- GIVEN DATA -
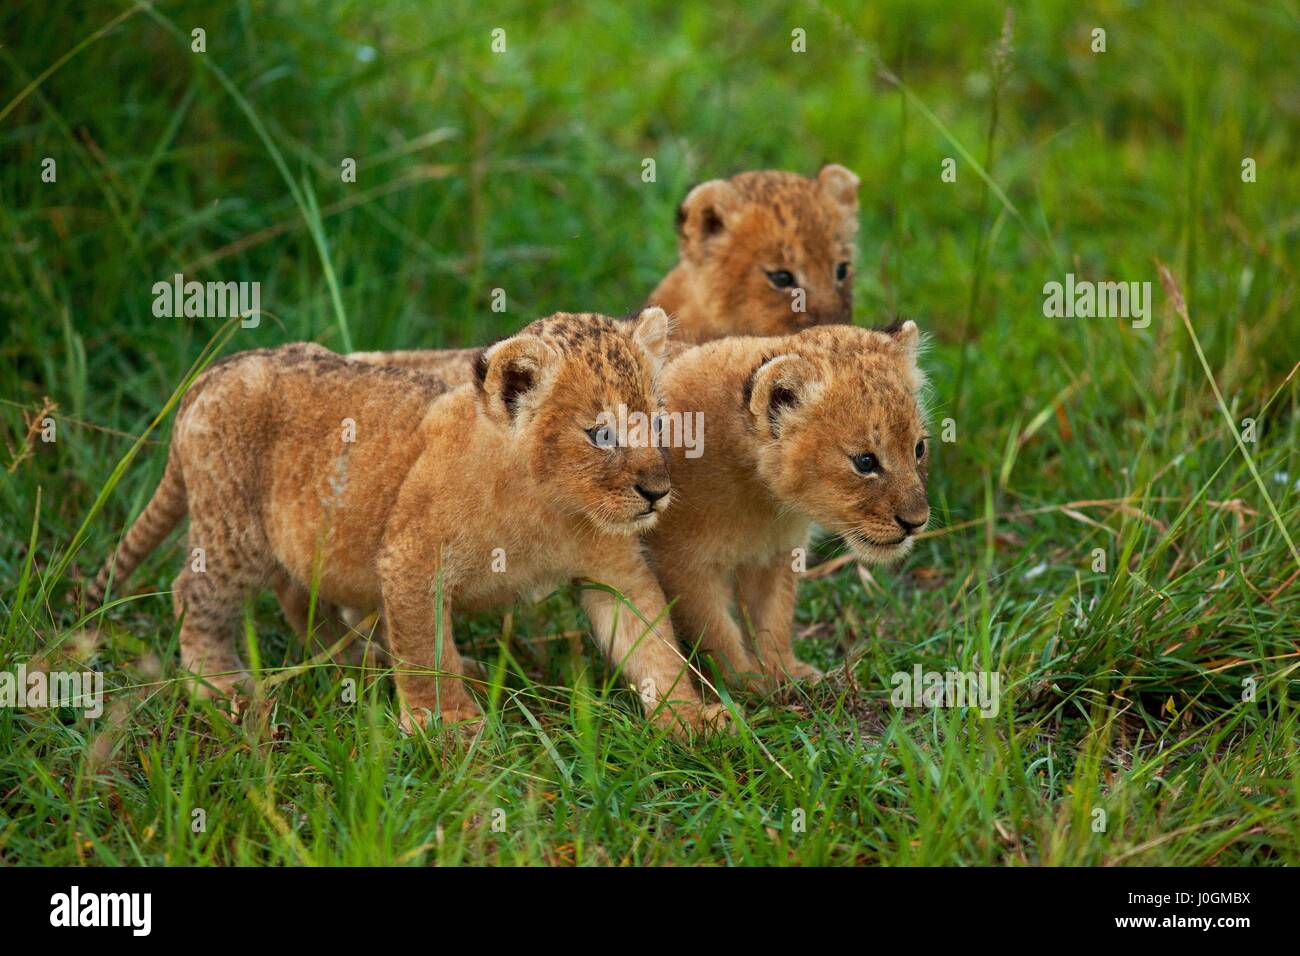 lions Stock Photo
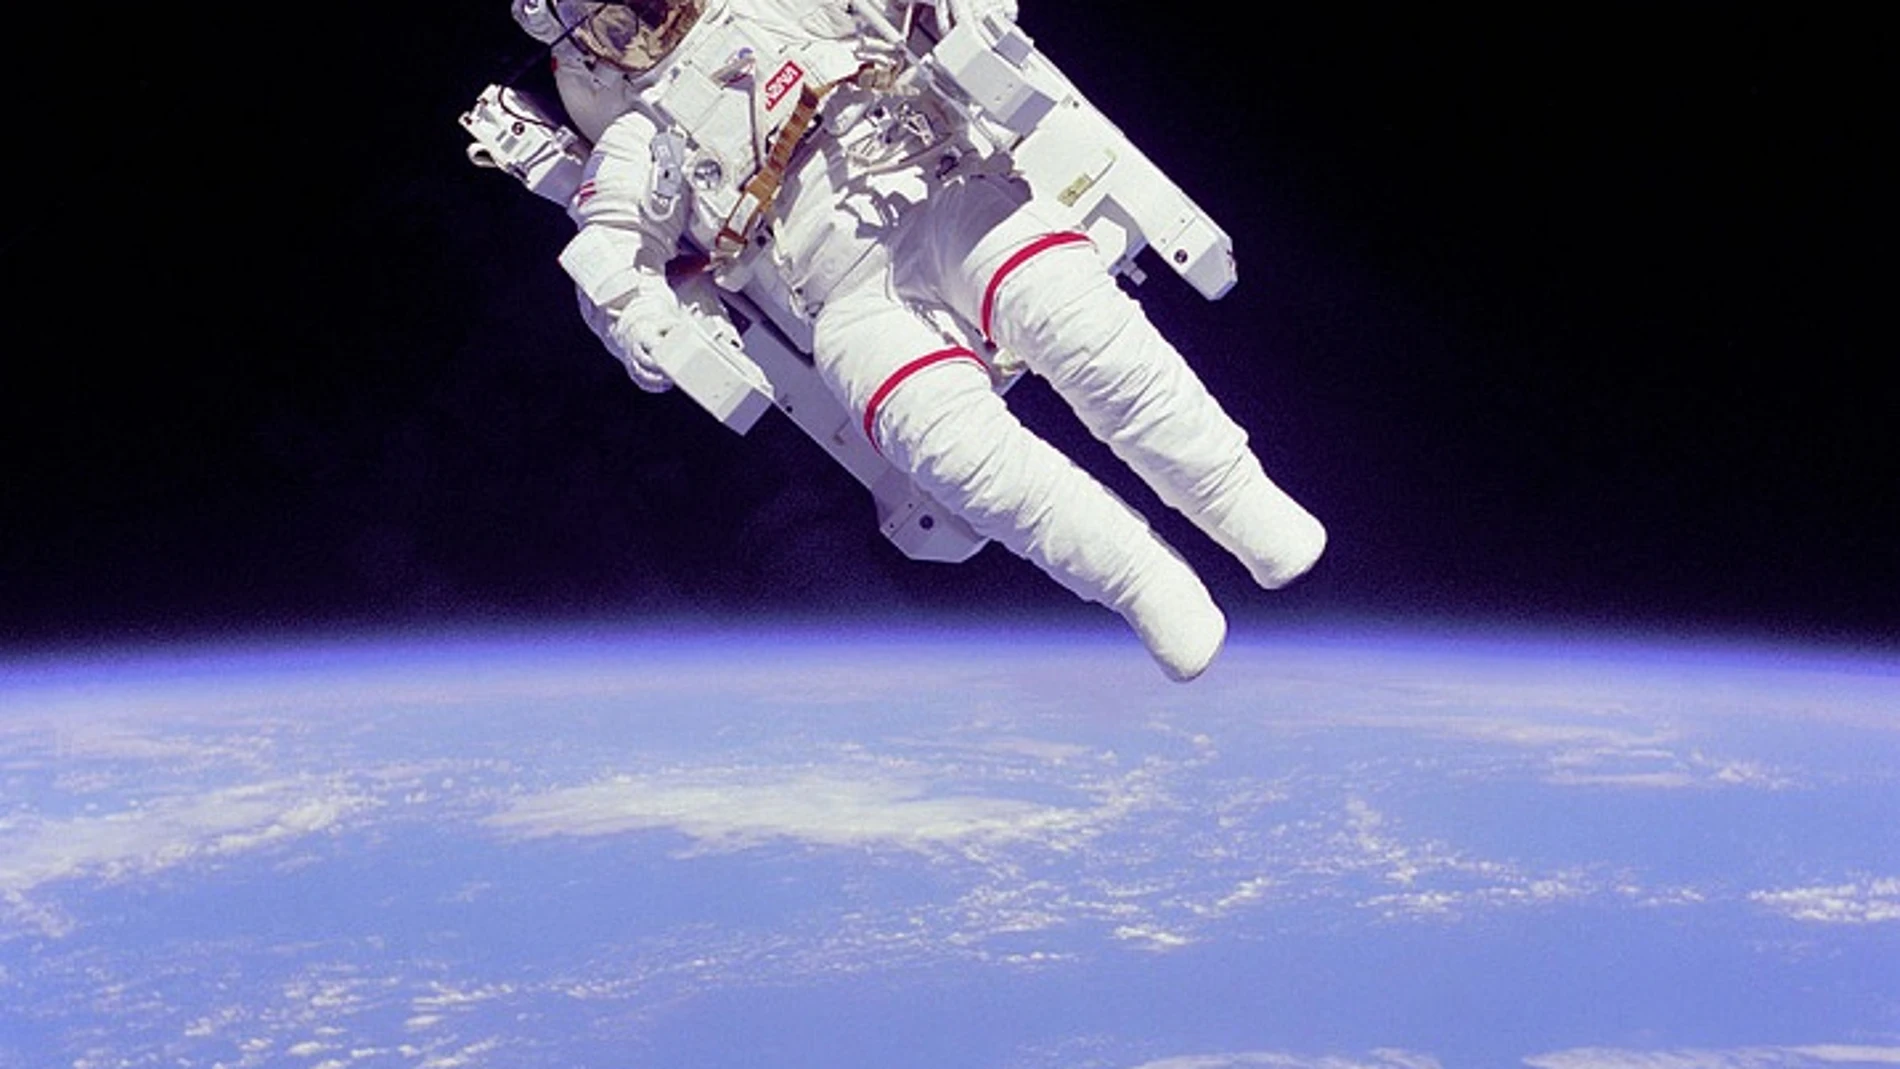 Bruce McCandless II con un traje espacial para misiones extravehiculares en su configuración más avanzada, 1984.
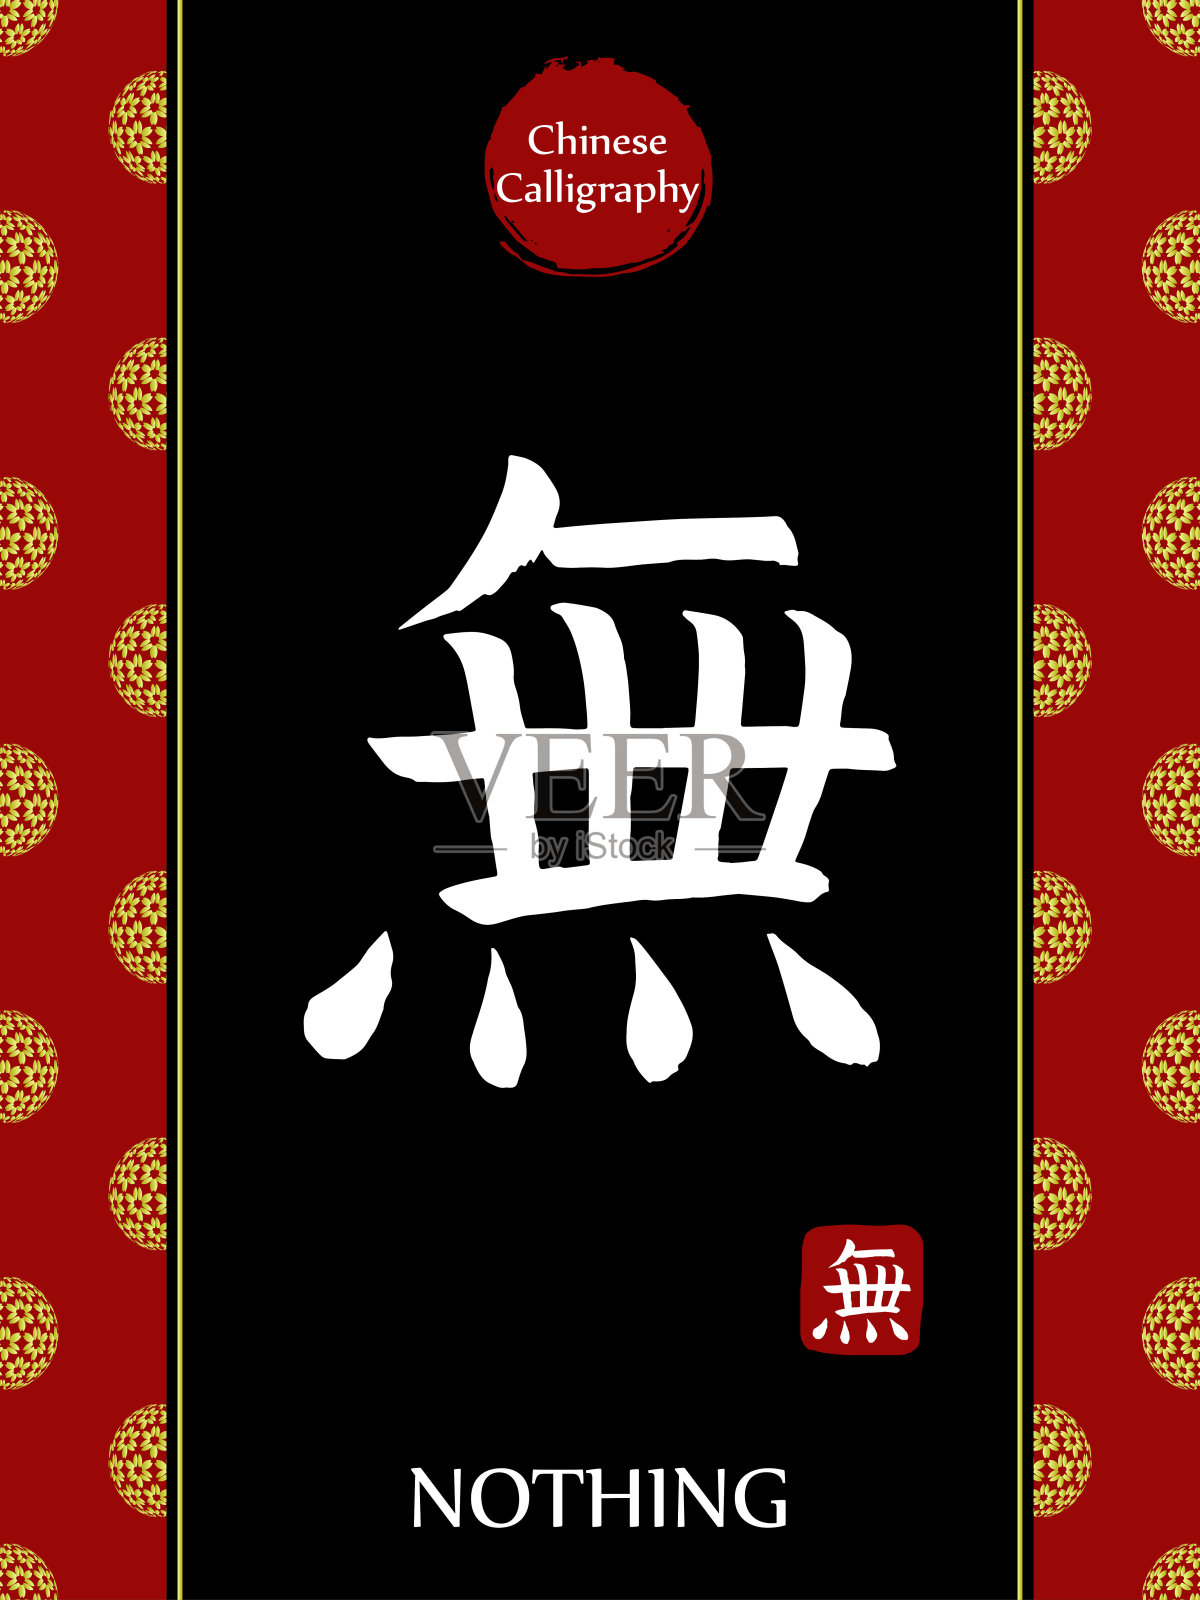 中国书法象形文字翻译:无。亚洲金花球农历新年图案。向量中国符号在黑色背景。手绘图画文字。毛笔书法插画图片素材

- WHAT TO PRODUCE -
When you copy the lines above, drop the pictures and keep everything else exact.

- EXERCISE OUTPUT -
 lions Stock Photo
 Bruce McCandless II con un traje espacial para misiones extravehiculares en su configuración más avanzada, 1984.
 中国书法象形文字翻译:无。亚洲金花球农历新年图案。向量中国符号在黑色背景。手绘图画文字。毛笔书法插画图片素材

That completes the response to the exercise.